Thanks to the absence of passing vehicles, you’ll enjoy how quiet it is here. Also, without any thick stands of trees, the trail offers refreshing views in several directions. The vista of mountains above Green Valley Lake to the east is the most striking.
Mind your step again, please, when you come to a steep hairpin curve in the pathway. Winding ever downward, the route becomes more rocky and eventually leads directly across the bed of Little Bear Creek. When the rains come – heavy downpours in particular – this channel will be a roaring torrent. Close your eyes for a moment and imagine that dramatic scene.
Wider and sandier than before, the trail continues. At almost exactly a mile and one-half from your starting point, it bottoms out into a T-intersection with a margin of large downed logs. Turn to the left here and head downhill for a few minutes until you come to a surprise: running water. It’s currently a mere trickle but enough to cover the path ahead, rendering it impassable unless you’re equipped with knee-high rubber boots. As a result, hiking farther down the route to Splinter’s Cabin (near the West Coast’s most famous trail) is ruled out.
OK, return to the T-intersection. Now it’s decision time. You can retrace your steps, winding all the way back up the trail to Rouse Ranch Road, then past the corporate yard and on to MacKay Park. If you choose that option, you’ll end up covering slightly more than 3.2 miles.
There’s another choice, however.

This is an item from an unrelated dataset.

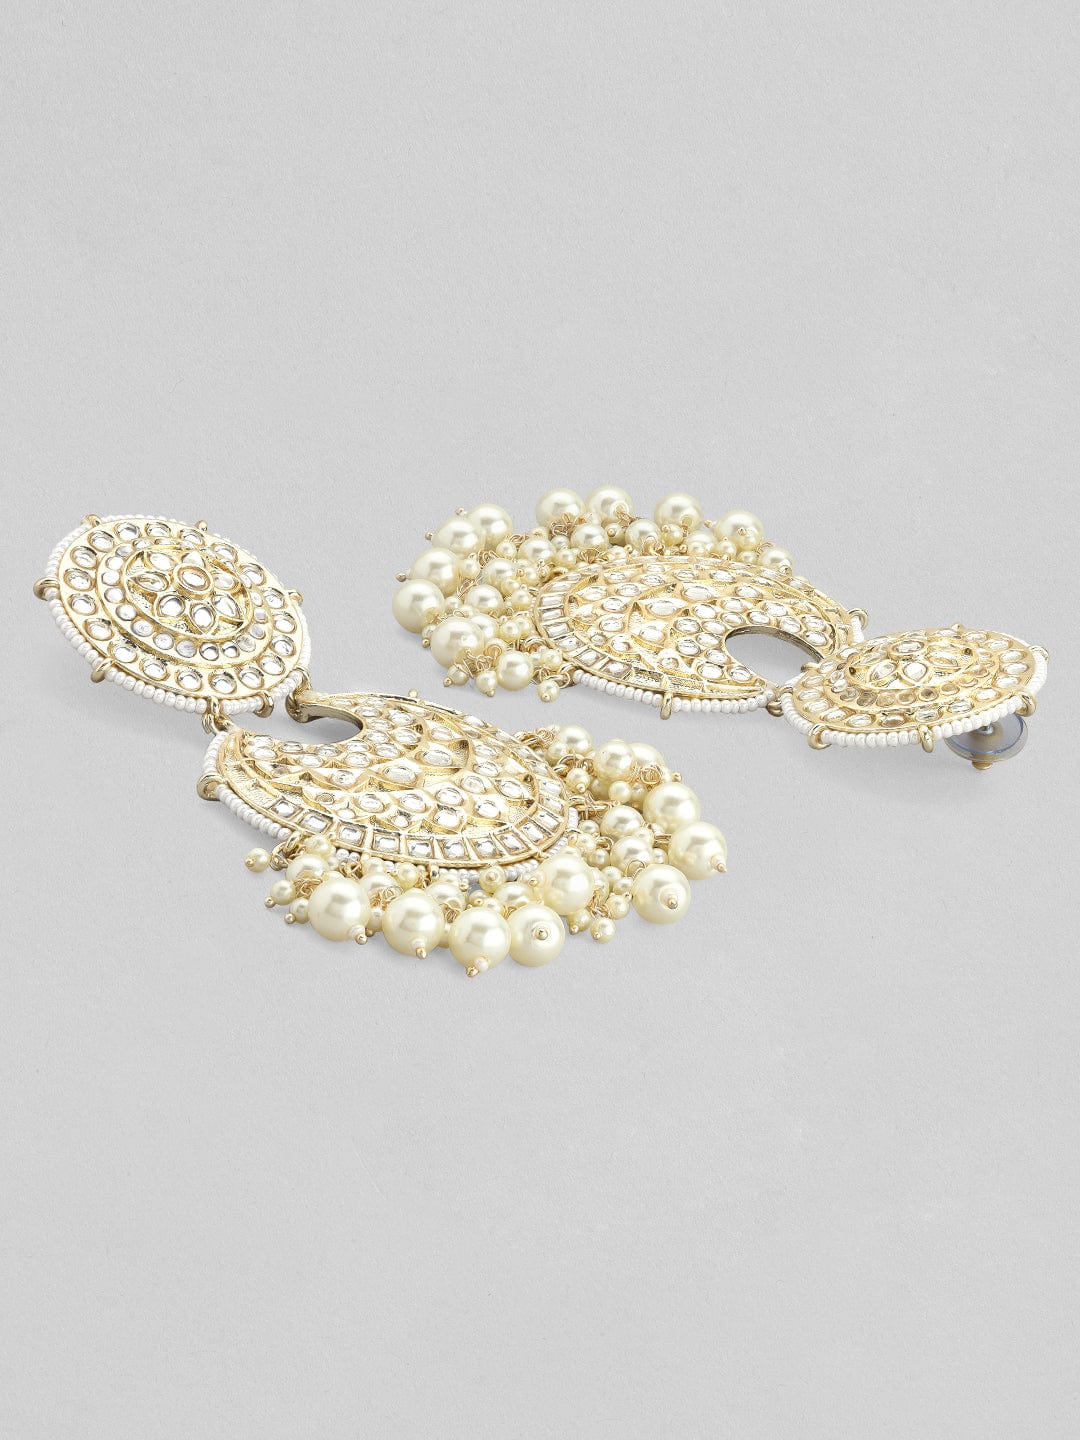 Beautiful Kundan Chandbali Earring for Lehenga | FashionCrab.com | Indian  jewelry sets, Chandbali earrings, Online earrings

You can walk into the forest ahead and follow an off-trail route. Why do that? Simply for the sake of variety and discovery. The relatively level pathway leads past stately Ponderosa pines and across a subsidiary creek bed to a nameless Forest Service road. You’ll amble past scattered, mostly rustic cabins. But one surprisingly large residence to your left is easily the neighborhood’s dominant structure.
Not long after passing this mountain manor house, you’ll be on Big Tree Drive, which is still a dirt thoroughfare. Then, at about the two-mile point of your outing, you’ll come to another intersection – this one marked by a white fence. Turn right here onto Little Bear Creek Road, proceeding on what’s now a slightly ascendant course. Moments after dirt gives way to asphalt, you’ll arrive at Torrey Road.
Ahead is a somewhat challenging uphill trek, extending for about four tenths of a mile. Its most prominent feature is the big rocky dam on the left, which backs up two lakes: Papoose and Arrowhead. When you level out and reach Rouse Ranch Road, take a quick standing break. Then proceed upwards once again, this time for three -tenths of a mile. Soon you’re standing across from the corporate yard again, having mastered the two most difficult sections of your outdoor adventure.
Now retrace your steps along Hospital Road, from which you can see the crests of the San Gabriel Mountains in the western distance. Moments later you’re back where you began. Give yourself a round of applause for completing a 3.25-mile hike. Bravo!
NOTES: This is a mostly narrow, winding trail offering an easy descent through copious stands of chaparral, then an aerobically challenging ascent back to your starting point in MacKay Park. Because of its vegetation and terrain, the North Shore Trail feels more like a hike through high-desert hills than a mountain-trail outing.

Little Bear Creek is dry much of the year, as evidenced by this view from the middle of its sandy and rocky bed. But heavy rains, mostly during winter, quickly turn it into a rushing torrent.